I'm coming in late on this one but some of those who started the thrtead may live long enough to see the end of it. When I played in Cobbers, we tried not to get labelled as a folk band, bush band or any other type if we could. That's not to say that we didn't love our folk music, particularly the Australian stuff, but we didn't want to get tied down by prejudices that were around then over what was folk music and what wasn't. Basically, we wanted to entertain people and have fun. I'm talking 1968 on here but the attitude lasted thirty years. I was introduced to "folk music" by a friend's father's Peter Paul and Mary record and like Brucie's students, I liked it enough to look further.
Our attitude over the years got us into a lot of trouble. We were the first "folk" group to take a pa system into a Melbourne folk club but at the time, the clubs were moving from quiet coffee lounges into the pubs where halfway through the night the audience was drunk and noisy. It seemed logical to us. Later I saw many of the people who made a point of walking out at Fairport Convention and Steeleye Span concerts.

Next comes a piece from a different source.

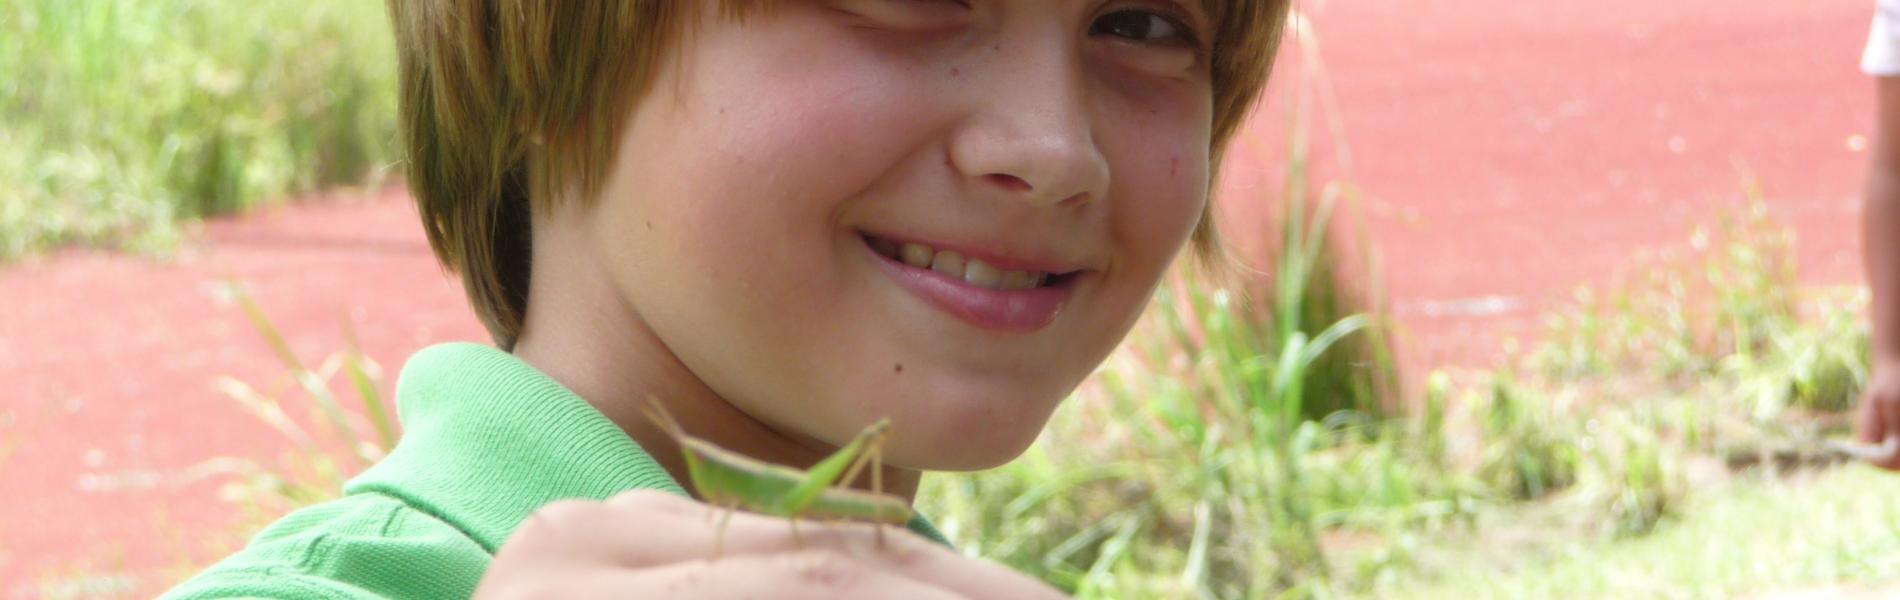 Child with grashopper

Were they folk bands?
To get to the beginning of this thread, in 1977 we met Chris Barber and Vic Gibbons who were part of the group who ran the Reading Festival which in those days was Rock Blues Jazz and Folk. By the time we took up their invitation to play the festival in 1979, it had changed dramatically and was pure rock and mostly a punk crowd. One of the high ranking overseas bands was beer-canned and had to leave the stage. We played Aussie folk songs with banjos, fiddles and guitars and a "Drum kit" made of beer bottles nailed to a stick and we got an encore. Punk was about cutting the crap and though I never did really get into it, it fitted pretty well with how we saw things at the time. I loved the stuff the Pogues and Dubliners did together.
One other point, one song that always seems to get old folkies at almost any venue on board (and one of my favourites) was/is Creedence Clearwater's Lodi. Sang soft and slow, you'd swear it was a folk song. Sorry for the tirade. I need to take brevity lessons from Malcolm.